Former Texas governor John Connally appeared in a Washington, D.C. federal court on Aug. 9, 1974 and pled not guilty to the charge of accepting an illegal cash payment to boost the price of milk.
Connally recovered from the near-fatal gunshot wound he suffered in Dallas on Nov. 22, 1963 and resumed his duties as chief executive of the Lone Star State. The scuttlebutt in 1966 was that he intended to run for the U.S. Senate against Republican incumbent John Tower, whose 1960 election was seen as a fluke by most Democrats, but he deferred to ally Waggoner Carr. Tower made short work of the attorney-general in the first of three successful reelection bids.

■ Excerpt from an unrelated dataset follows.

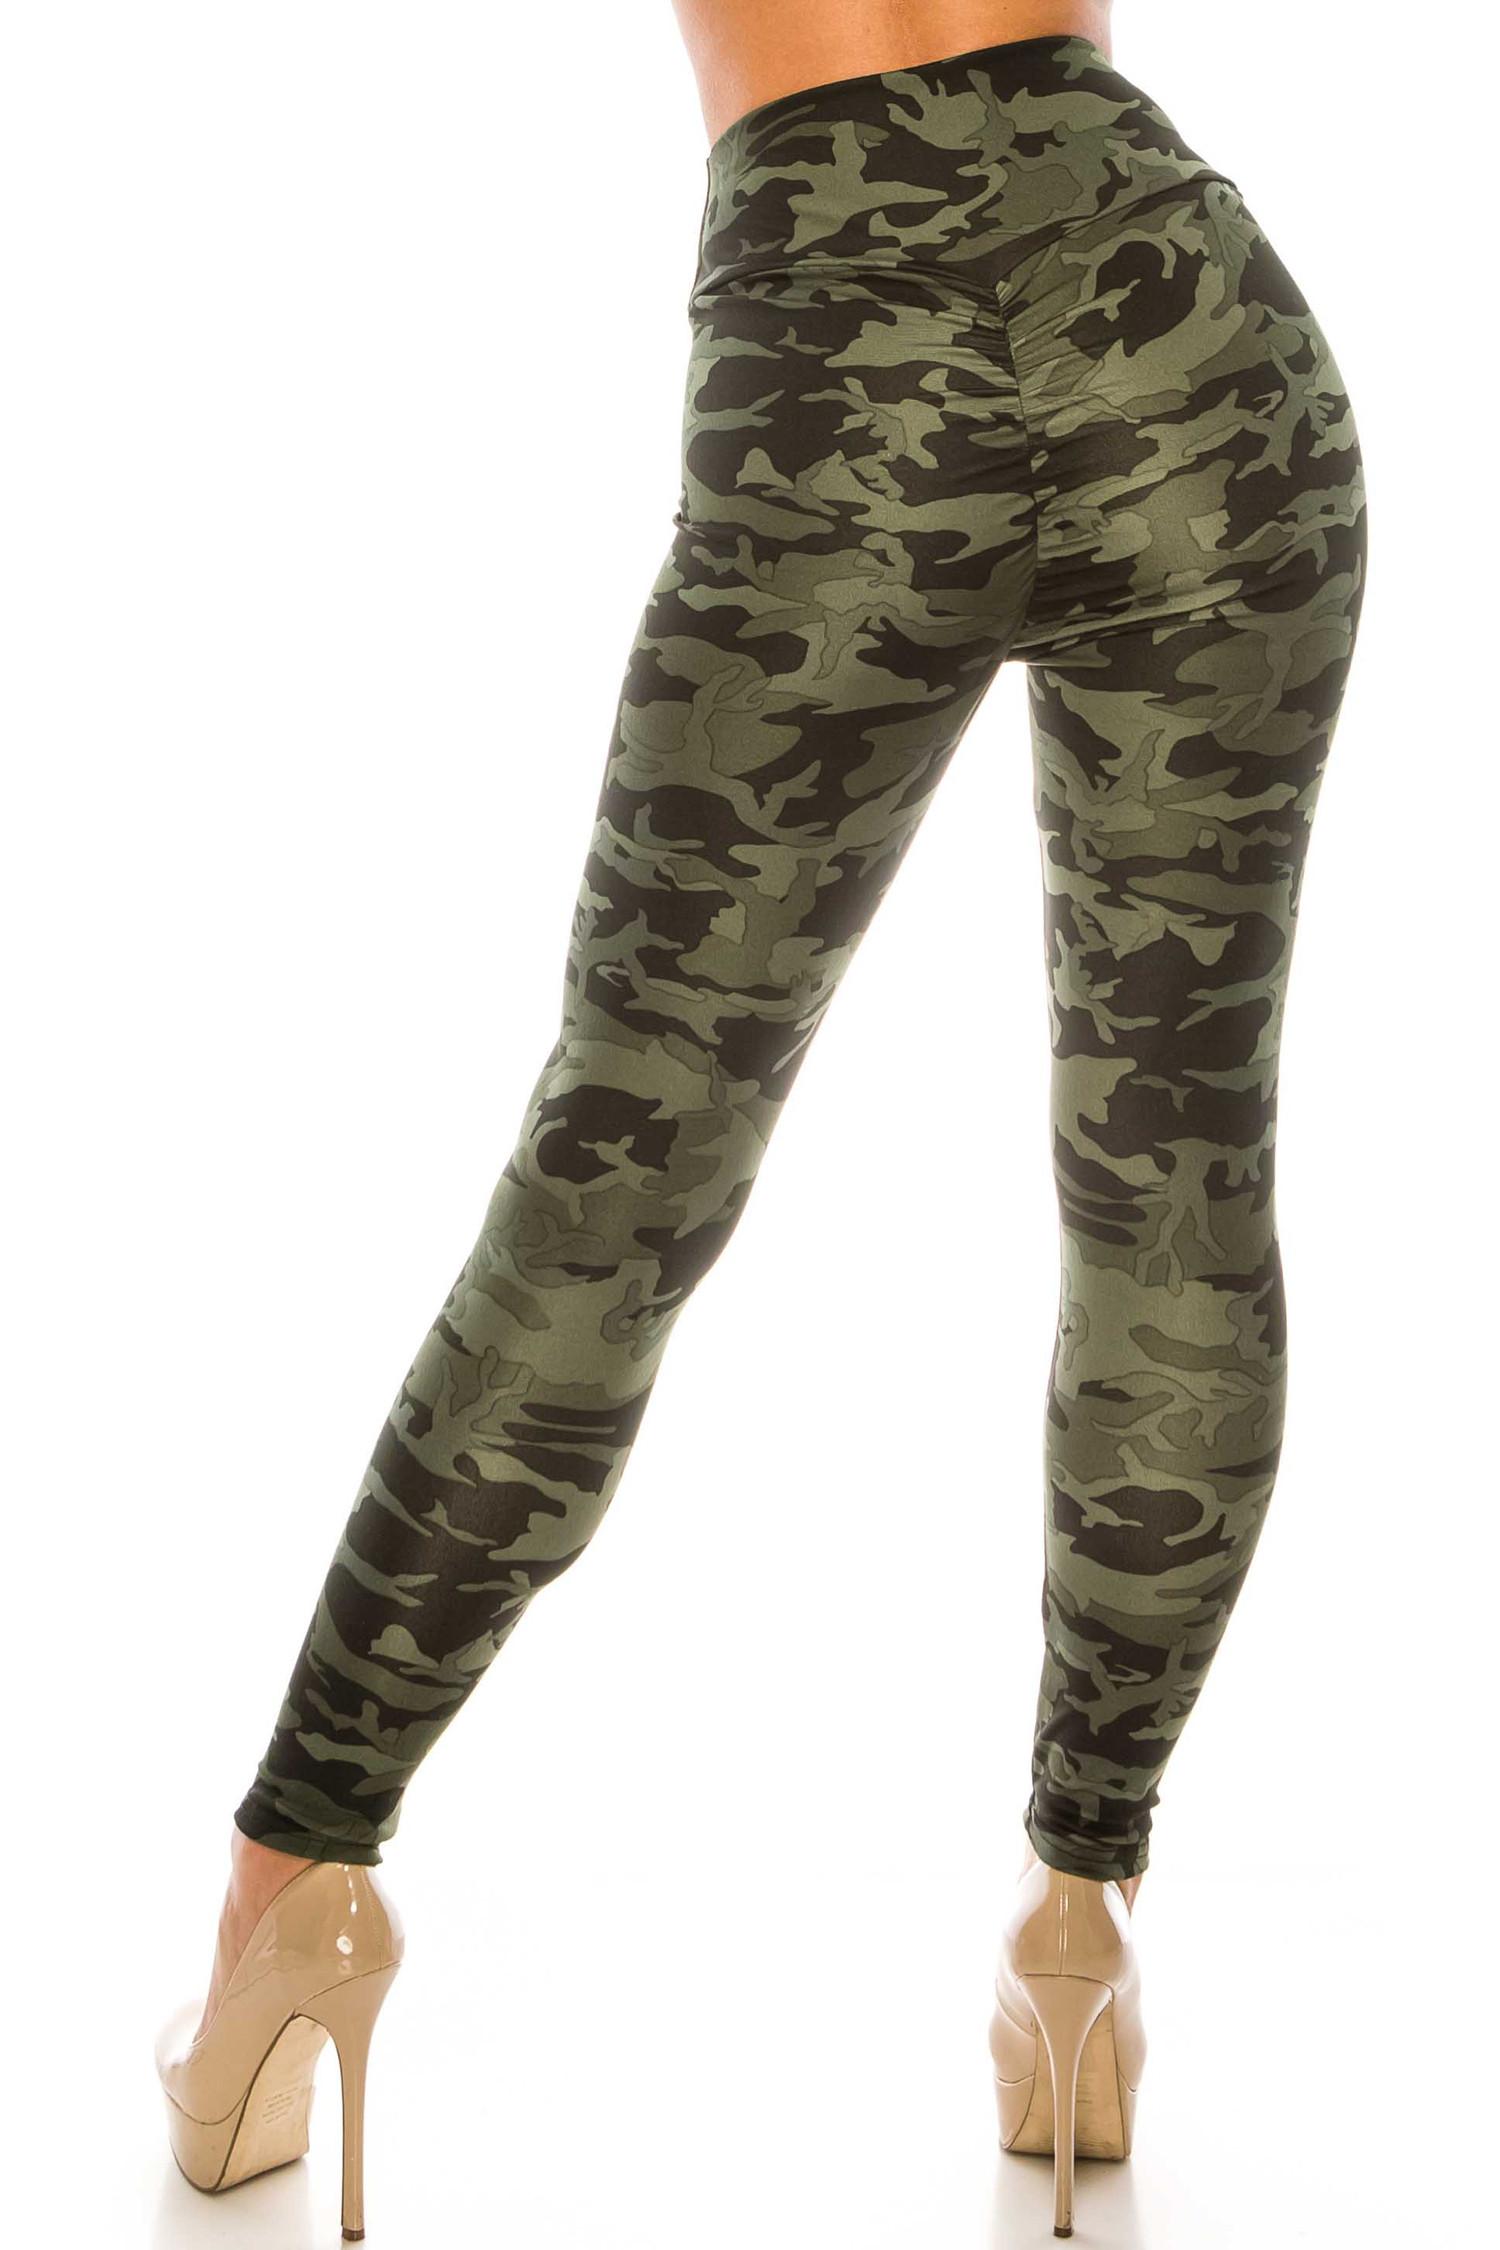 Dark Olive Camouflage Scrunch Butt Sport Leggings

In 1968 Connally held a press conference to announce his third term as governor would be his last. He declined to discuss his plans for the future other than to reveal he was returning to Houston to practice law.
President Richard Nixon wanted a prominent Democrat as bipartisan window-dressing for his cabinet in 1971. He offered the position of treasury secretary to Connally, who accepted on one surprising condition.

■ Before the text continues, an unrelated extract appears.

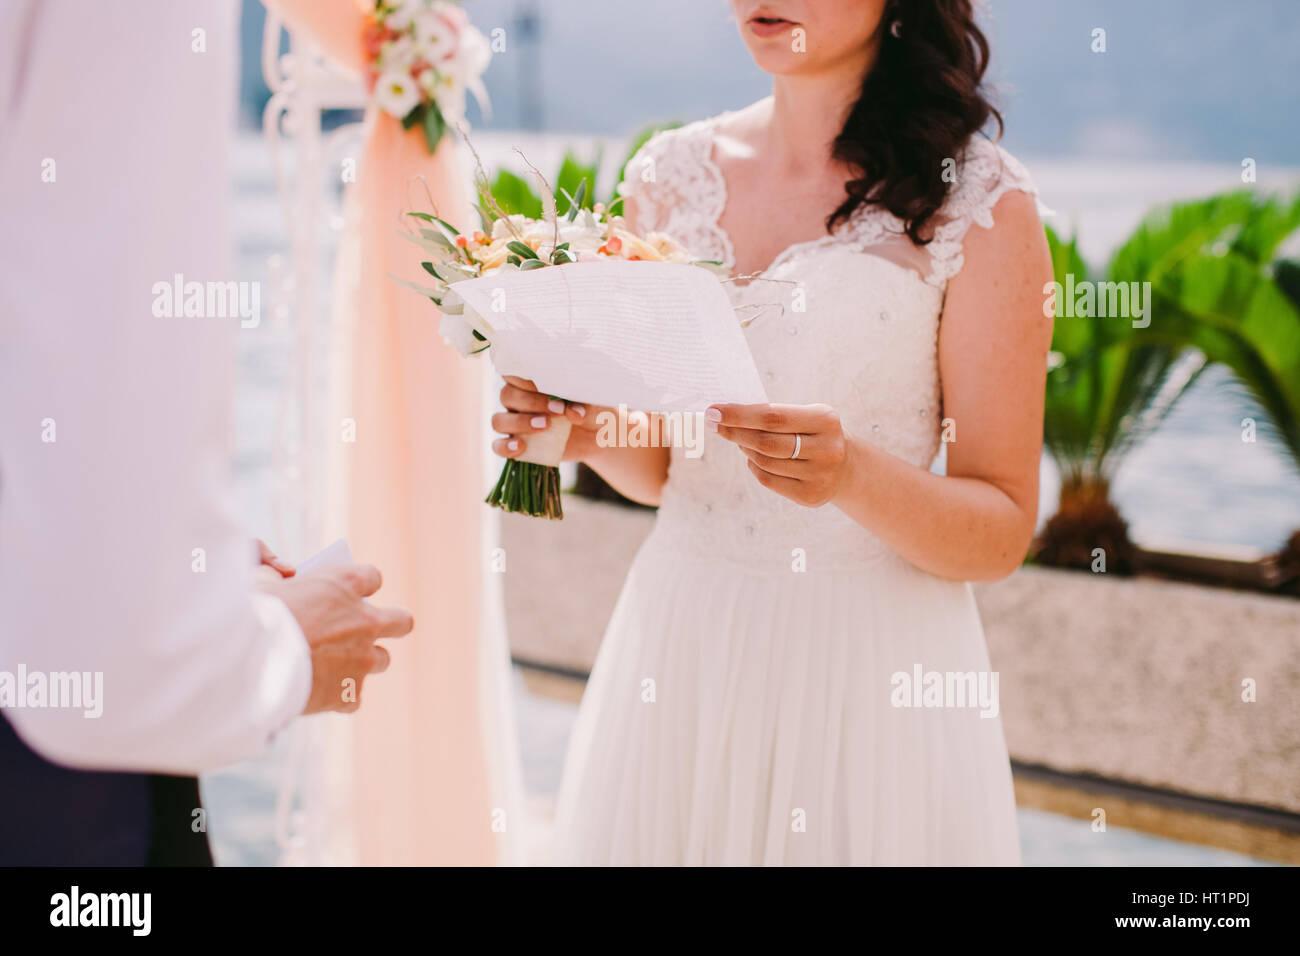 bride reading wedding vows. Wedding ceremony Stock Photo: 135263902 ...

Ben Barnes, a prized protégé of LBJ until the Sharpstown debacle left his career in shambles, served up a detailed account of the behind-the-scenes episode in his autobiography Burning Barns, Building Barns. According to Barnes, Connally told Nixon he could not accept unless the president found a place in his administration for George H.W. Bush. Supposedly that was how Bush the elder wound up ambassador to the United Nations and on the road to the White House.
Those members of the Nixon cabinet, who did not expect to hear a peep out of the token Democrat during their meetings, underestimated John Connally. Self-assured and politically astute, he was not the least bit shy about sharing his views on a wide range of topics.

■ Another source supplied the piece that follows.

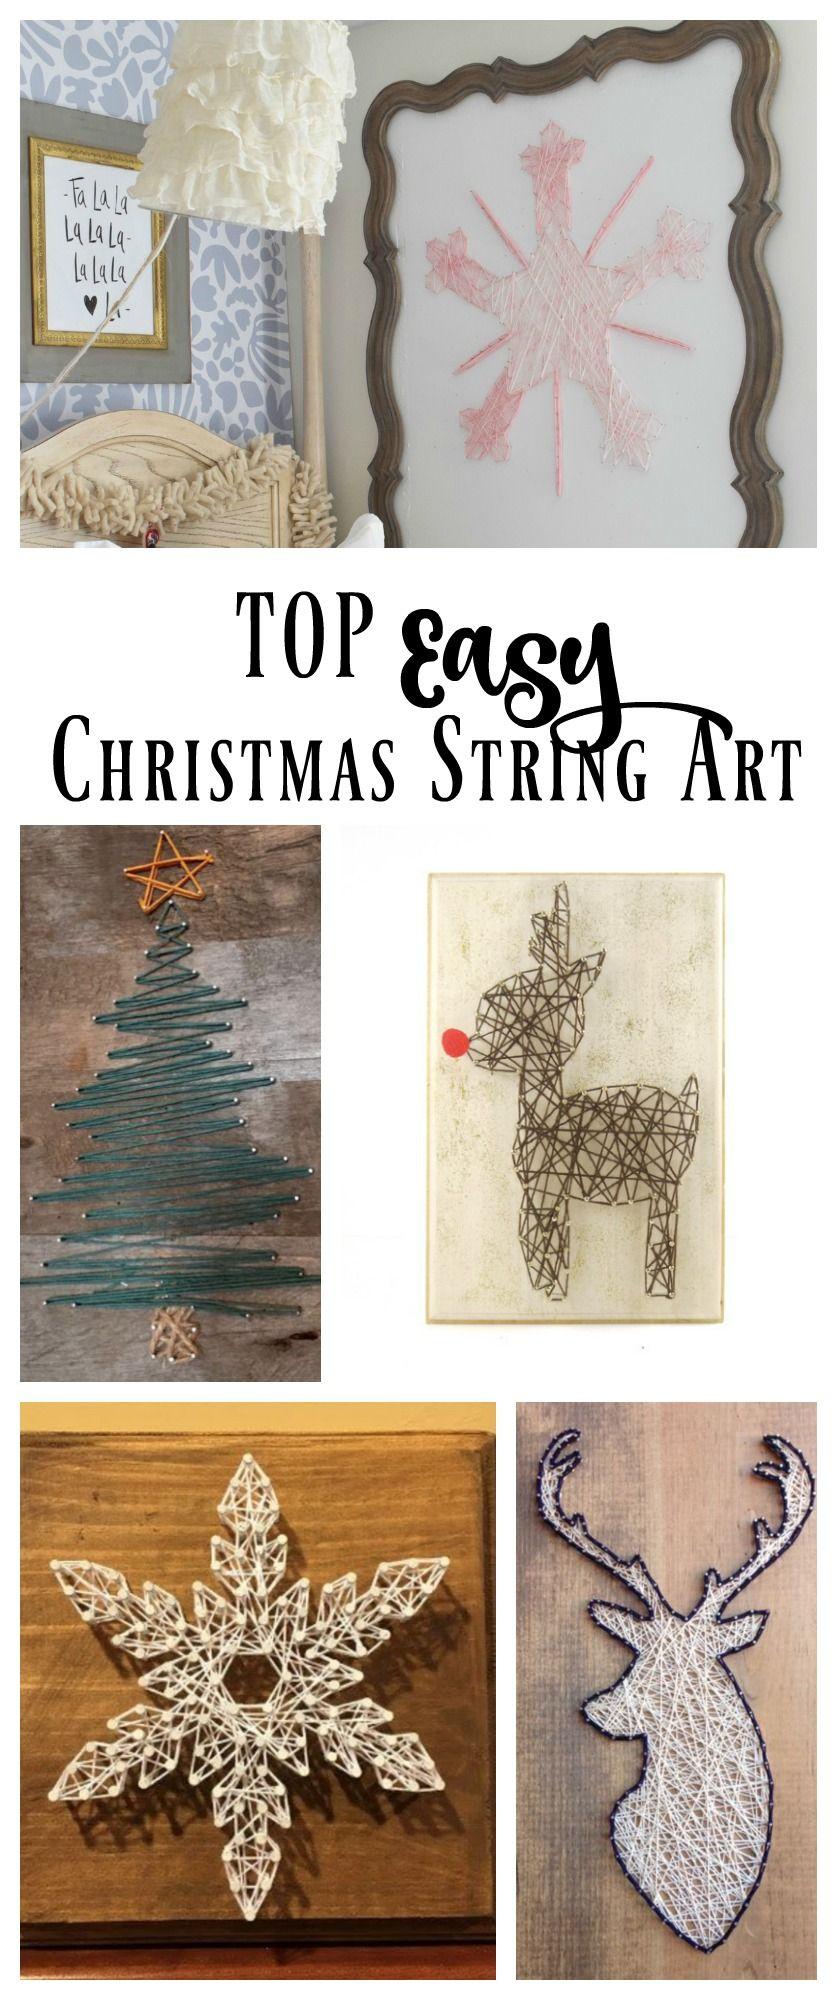 New String Art- For Christmas | Nagelbilder, Fadenbilder und Faden

To say the president was impressed by the Texan would be an understatement. Henry Kissinger, the national security advisor, would later claim Nixon was “awed” by Connally with his expensive tailored suits and confident demeanor. The insecure president may have felt that the former Texas governor looked and acted more like a president than he did!
One day Connally took a phone call from a confidential contact in the Justice Department, who informed him that investigators had an old acquaintance of his dead to rights on charges stemming from his role in a San Angelo savings and loan scandal. The conversation concluded with a warning from the caller for the treasury secretary to steer clear of Jake Jacobsen.
Connally had known the Texas lawyer for decades and had no illusions about his character or the level to which he might stoop to make a buck. He was one of those influence peddling bottom feeders that prowl the halls of every state capitol and the corridors of Washington. He made a mental note to keep his distance from Jacobsen and did not give the matter a second thought.
To comply with federal election laws, Connally stepped aside as treasury secretary in early 1972 so that he could take charge of “Democrats for Nixon.” For Texas Democrats, even those as unhappy as Connally with the selection of George McGovern as their presidential candidate, this was the last straw.
Alarms should have gone off in Connally’s head, when he received a grand jury summons early in the summer of 1974. But he presumed there was no cause for concern since it had to be about Watergate or Jacobsen and he had nothing to do with either one.
It was not until the morning Connally arrived to testify that he found out he was the target of the grand jury probe. Upset, flustered and unprepared, he made numerous contradictory statements that seemed to confirm the prosecutors’ suspicions.
Desperate to avoid spending as much as 40 years behind bars, Jake Jacobsen had sold the feds on the preposterous idea he gave Connally a $10,000 bribe on behalf of milk producers, who sought higher price supports from the Nixon administration.
Eleven days before Richard Nixon resigned the presidency in August 1974, that same grand jury indicted Connally on bribery, perjury and related charges. The case went to trial in April of the following year.
It all came down to whether the jury believed Jake Jacobsen, who hemmed and hawed on the witness stand, or John Connally, who was at his charming and persuasive best. Character witnesses like Barbara Jordan, Dean Rusk, Billy Graham and Lady Bird Johnson, who described the defendant’s reputation for honesty as “perfect,” definitely did not hurt. The not guilty verdict was almost a foregone conclusion.
With his wife Nellie at his side, John Connally walked out of the courtroom a free and vindicated man. What would he do next? Maybe run for president as a Republican now that he had switched parties?